After positioning the flap, it was stitched into place and spaced 1–1.5 cm apart. Small donor sites were closed directly, while larger ones needed a skin graft. A skin graft was also applied to the flap’s base regardless of donor site size. Primary closure was performed when the donor site was small enough, such as with a small-sized flap. A split-thickness skin graft (STSG) was used for larger flaps to cover the donor site. In either case, STSG was necessary to cover the exposed pedicle. Figure 1H.

The flap area was covered with non-adhesive gauze and absorbent padding, while the regions surrounding the pedicle and flap were supported with bulky dressings. To reduce the risk of equinus contracture, a splint was positioned at the back of the limb.

Postoperatively, the patient was advised to bed rest with the leg raised for two days, during which time the flap was assessed for successful edge attachment and any signs of necrosis. If the flap showed signs of proper integration, the patient was fitted with a flexible dressing and a detachable splint positioned at the back of the leg before being sent home with instructions to maintain leg elevation for seven to ten days. Avoiding weight-bearing on the affected leg helps prevent venous congestion, which occurs when there is pressure on the leg that leads to poor blood flow and the pooling of blood, reduces pain and edema or swelling in the operated limb, providing greater comfort during the recovery process and allow the surgical site to heal correctly without disruption and minimizes the risk of complications.

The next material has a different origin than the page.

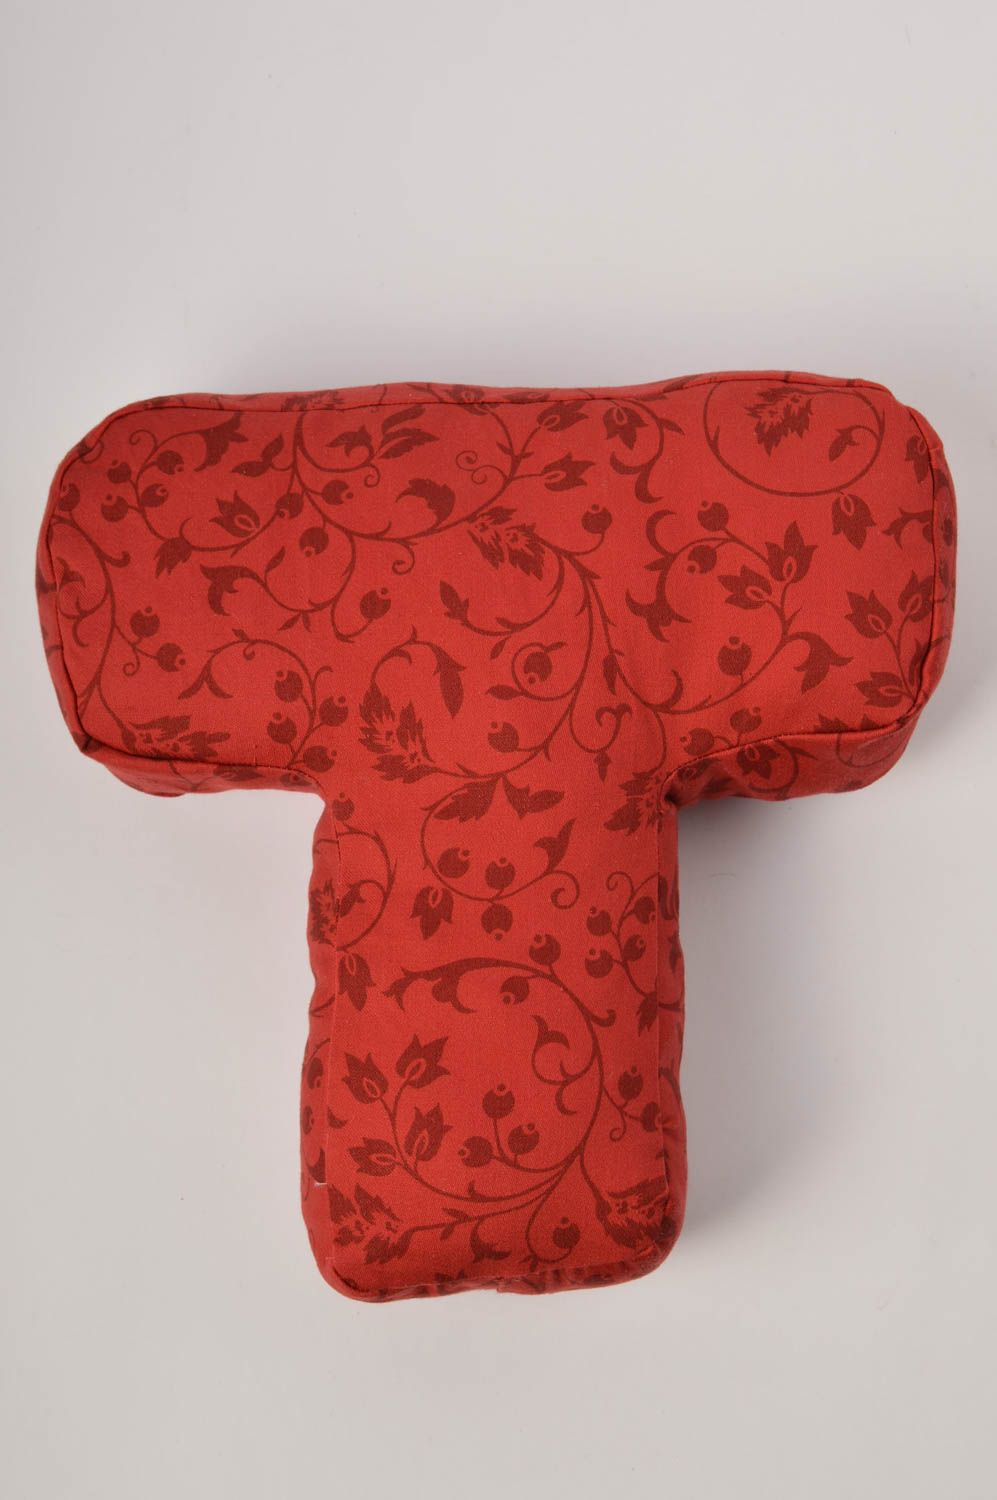 Декоративная подушка ручной работы подушка-буква из жаккарда мягкая буква Т фото 3

Low-molecular-weight heparin (LMWH) was initiated 12 h after surgery. The typical prophylactic dose was 40 mg administered subcutaneously (SC) once daily, and in high-risk patients, the dose was adjusted to 1 mg/kg once daily. The treatment course typically lasts 6 to 11 days until the risk of deep vein thrombosis significantly decreases.

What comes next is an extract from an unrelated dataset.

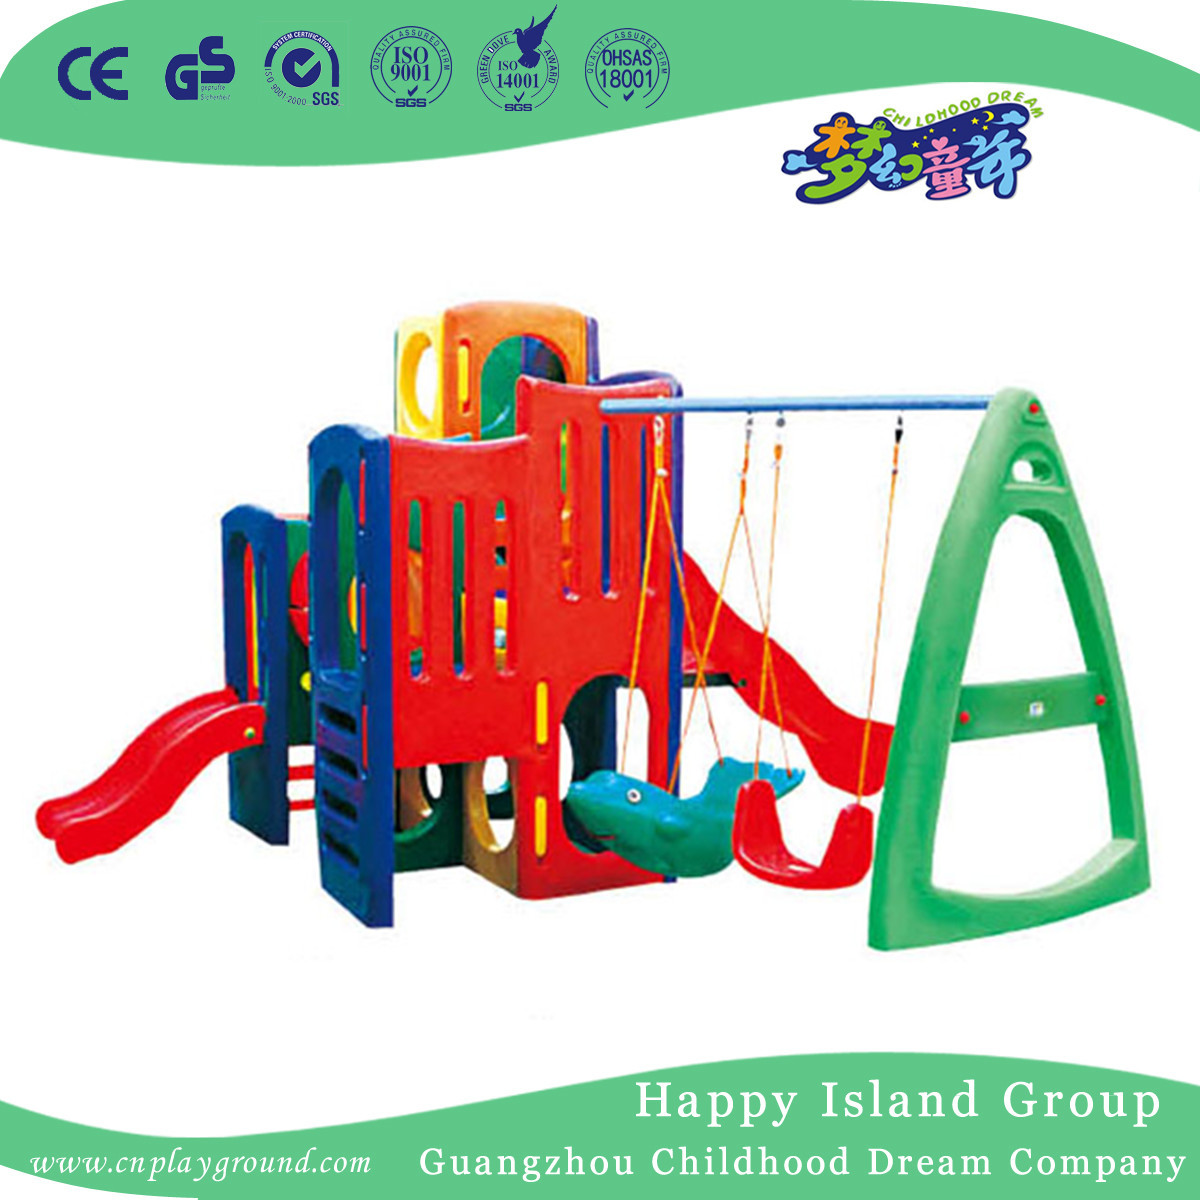  儿童小型塑料秋千滑梯组合(M11-09105)

In cases where the flap was progressing well without signs of vascular issues or infection, the patient began Achilles tendon stretching and limb mobilization exercises.

We followed up with all the patients for 1 year. Complications such as ankle stiffness, distal necrosis, partial flap loss, superficial infection, and delayed healing were noted.

Statistical analysis

The statistical analysis was analyzed using SPSS v26 software (IBM Inc., Chicago, IL, USA). The quantitative variables were displayed as the mean and standard deviation (SD), while the qualitative ones were displayed as frequency and percentage (%).

The mean age was 48.6 years. Of the patients, 46 (88.46%) were males. 23 (44.23%) patients were smokers. Thirty-one patients had a comorbidity, more commonly diabetes mellitus, HTN, cardiac, and less commonly renal, hepatic patients. The mean flap size was 11.3 * 6.5 cm. The mechanism of injury was either post-traumatic (Fig. 2) or a more common post-surgical wound complication. Figures 3 and 4.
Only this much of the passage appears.